Potential confounding of screening trial results may also have occurred because of improved management of cardiovascular risk factors in those invited to screening. In MASS, for example, those attending screening may have benefited from improved treatment of hypertension because blood pressure was measured at the screening visit and was reported to the general practitioner.³⁴ Hypertension treatment, however, is more effective in reducing stroke risk than in reducing coronary artery disease risk.⁵¹ In MASS, the percentage of deaths from ischemic heart disease was slightly lower in those invited to screening, but the percentage of deaths from strokes was the same in both groups, suggesting that improved hypertension treatment did not influence trial outcomes.

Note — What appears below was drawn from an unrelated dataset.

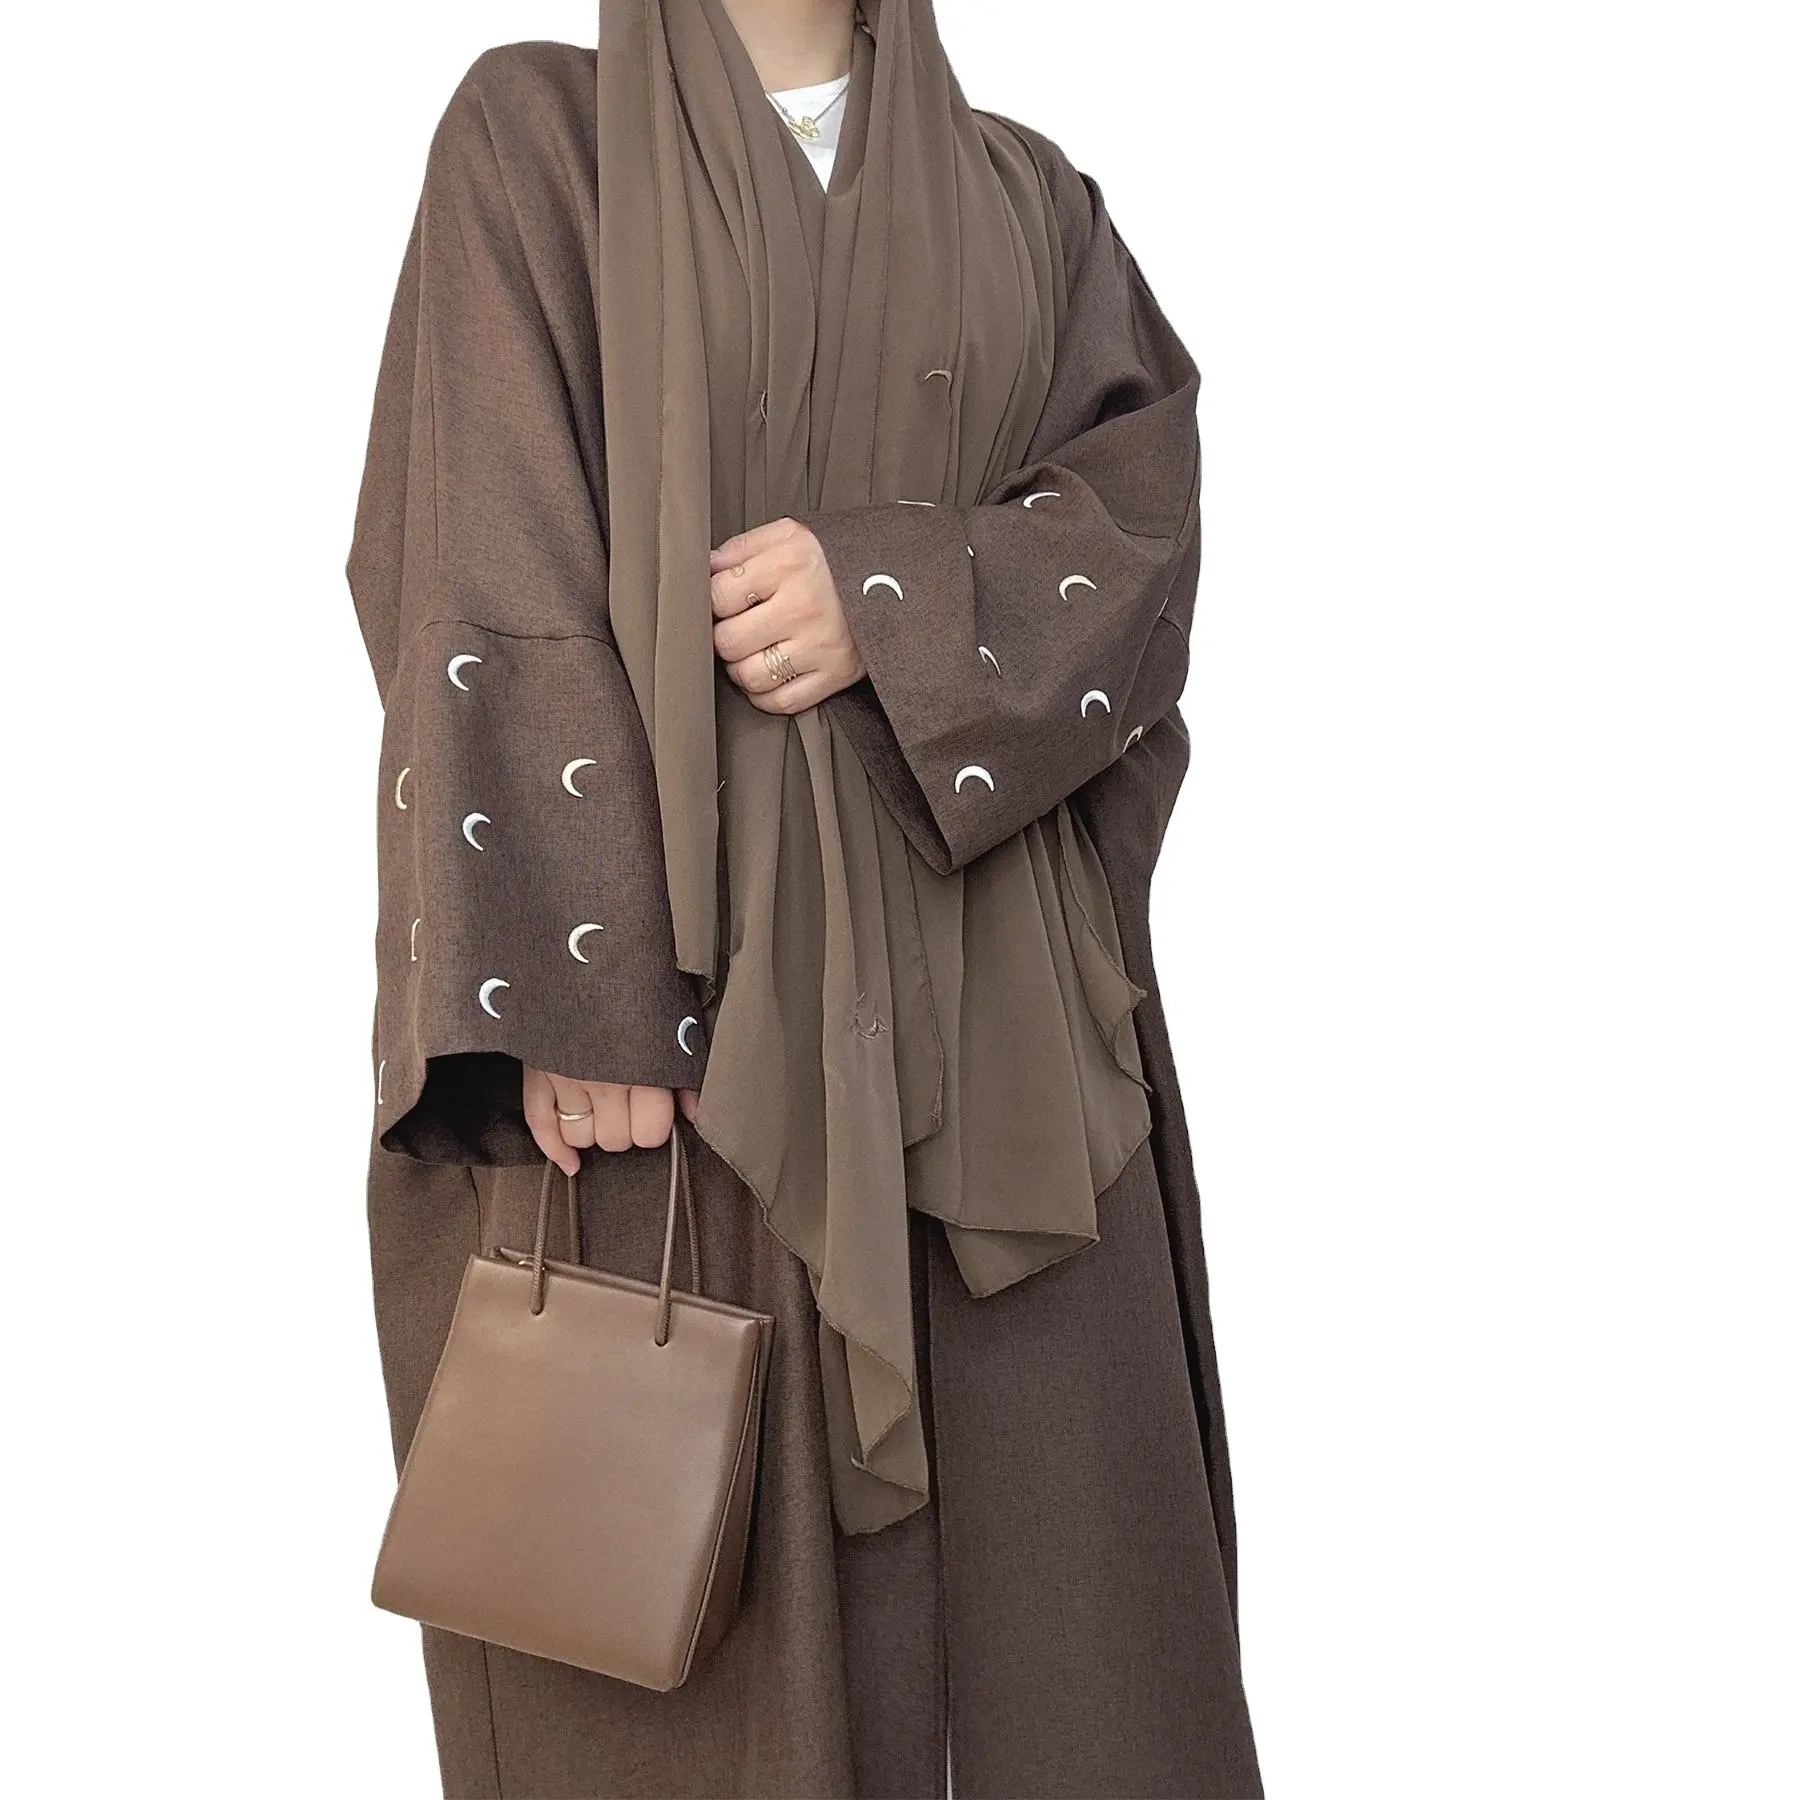 DLR327卸売中東女性ドレス無地長袖イスラム服控えめな着物プラスサイズイスラム教徒オープンアバヤ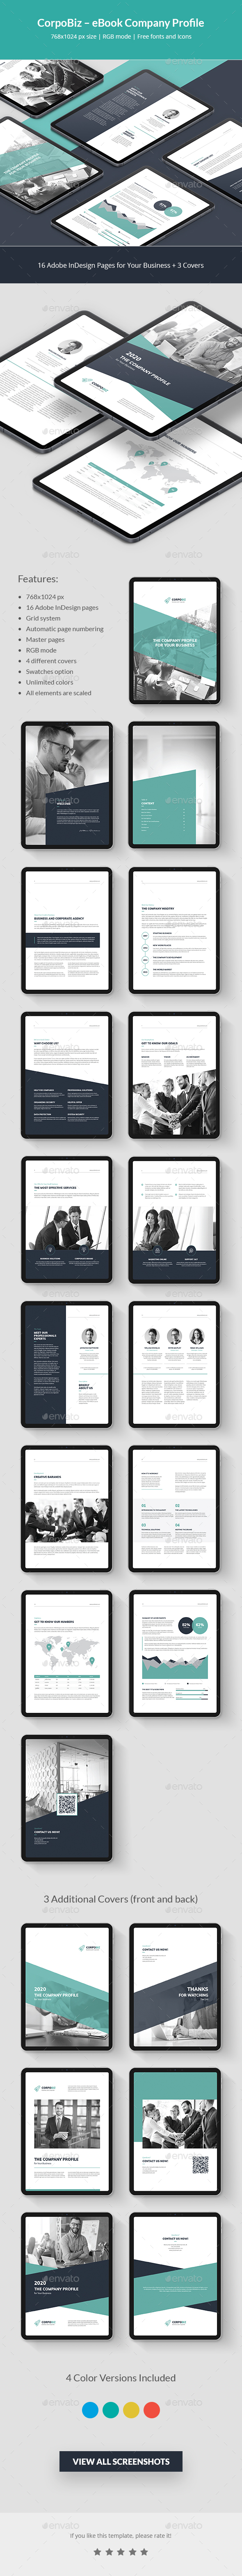 CorpoBiz – Business and Corporate eBook Company Profile

There were important differences in the design of the 4 population screening trials. The outcomes of the Viborg County study, in particular, were ascertained by using only hospital records, so an unknown number of AAA-related outcomes deaths occurring out of the hospital would have been missed. In the Western Australia study, patients found to have AAAs at screening were referred to their primary physicians for subsequent evaluation and management. In MASS and in the Viborg County and Chichester trials, followup scanning was performed periodically by study personnel. These factors had little impact on the meta-analysis of AAA-related mortality, however, because the pooled effect size was primarily determined by the MASS results.

Since all 4 AAA screening trials were conducted outside the United States and no data were provided on the race and ethnicity of the participants, the extent to which these findings can be generalized to the U.S. population is not clear. At this time, it is unlikely that a population-based trial would be performed in the United States, particularly given the strength of the evidence favoring screening in the trials reviewed here. We believe that these studies provide the best evidence available to support recommendations for AAA screening in the United States.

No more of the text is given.